Scallops to the Rescue

nina | June 23rd, 2011 - 9:00 am

Several New England fishing town’s fortunes are tied to a small sea creature:  SCALLOPS.

Scallops, unlike lobster, have proven remarkably recession proof with prices rising steadily through the downturn even as the amount caught held relatively steady. The wholesale price for a pound of the U.S. sea mollusk is $11.20, 41% higher than in November 2007. U.S. fishermen say the weak dollar makes the famously meaty scallops that thrive in the northern Atlantic more affordable.

Belgium, France, and other countries are buying more.

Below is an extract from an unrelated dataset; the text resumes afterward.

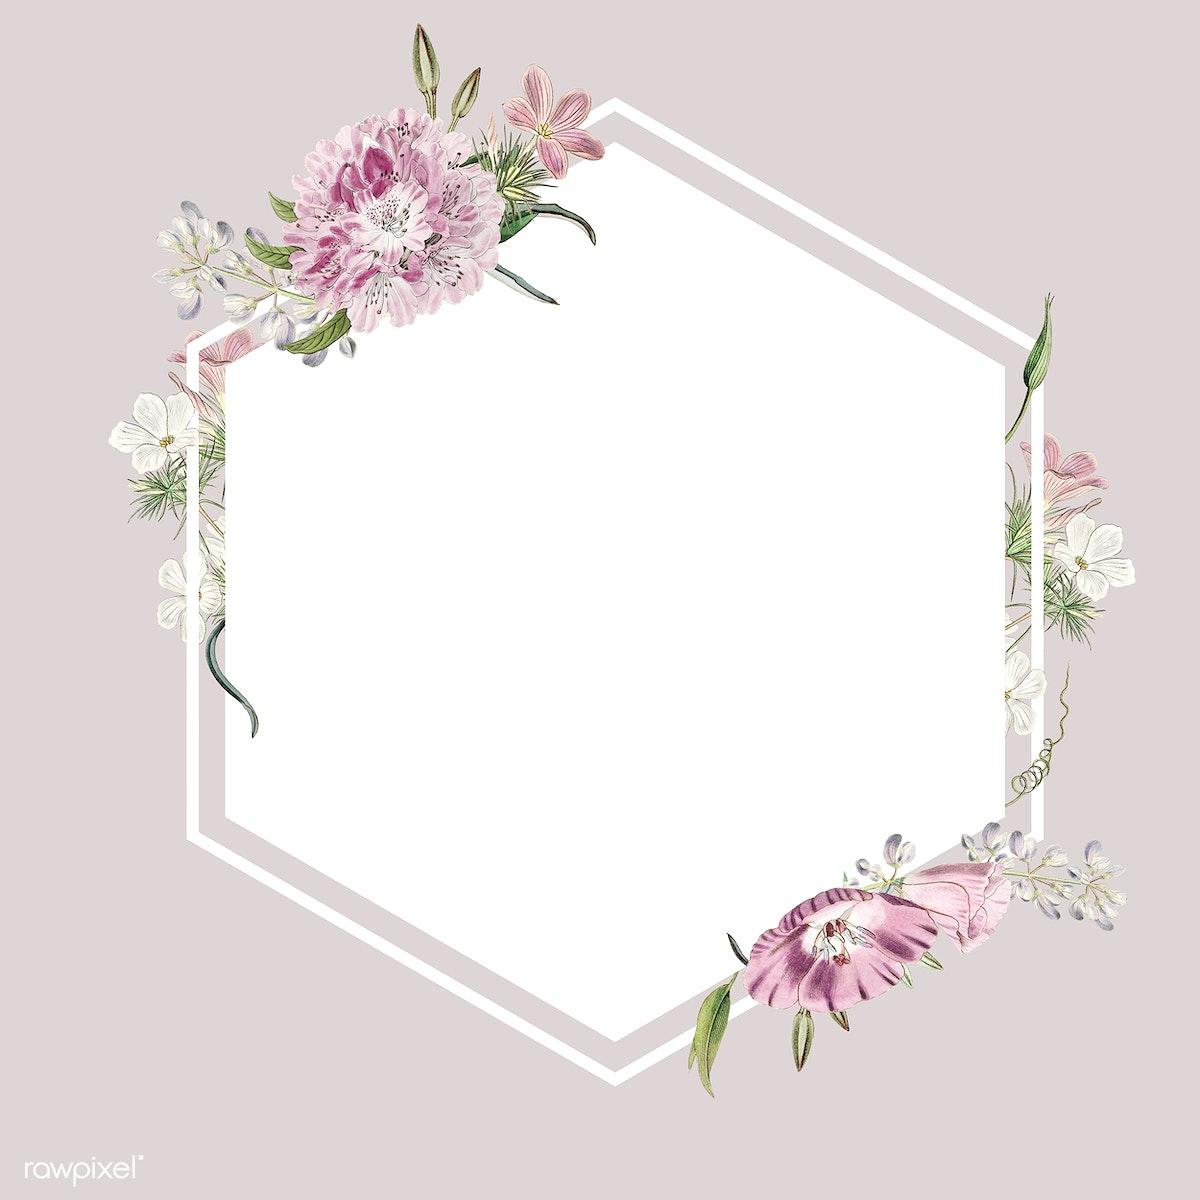 Floral Frame Design Royalty Free Stock Illustration 559407

Fresh -scallop exports to Canada alone jumped 110% in the first four months of this year compared to the same period last year and rose 22% to France, according to federal trade statistics.

Many expect to see higher demand for scallops from China, which banned Japanese seafood because of concerns about radiation following the March earthquake and tsunami.  At the same time, the U.S. scallop supply is limited by federal conservation rules to an annual catch of roughly 50 million pounds.  Areas where they can be caught are rotated to allow beds of young scallops to grow. 

There is growing global demand for lobsters, too, but supply has been plentiful, with record landings in 2010, and the price has been only slowly coming back after plunging in 2008. The industry has resisted many lobstering limitations, believing open access to the fishery is best long-term for preserving fishing jobs.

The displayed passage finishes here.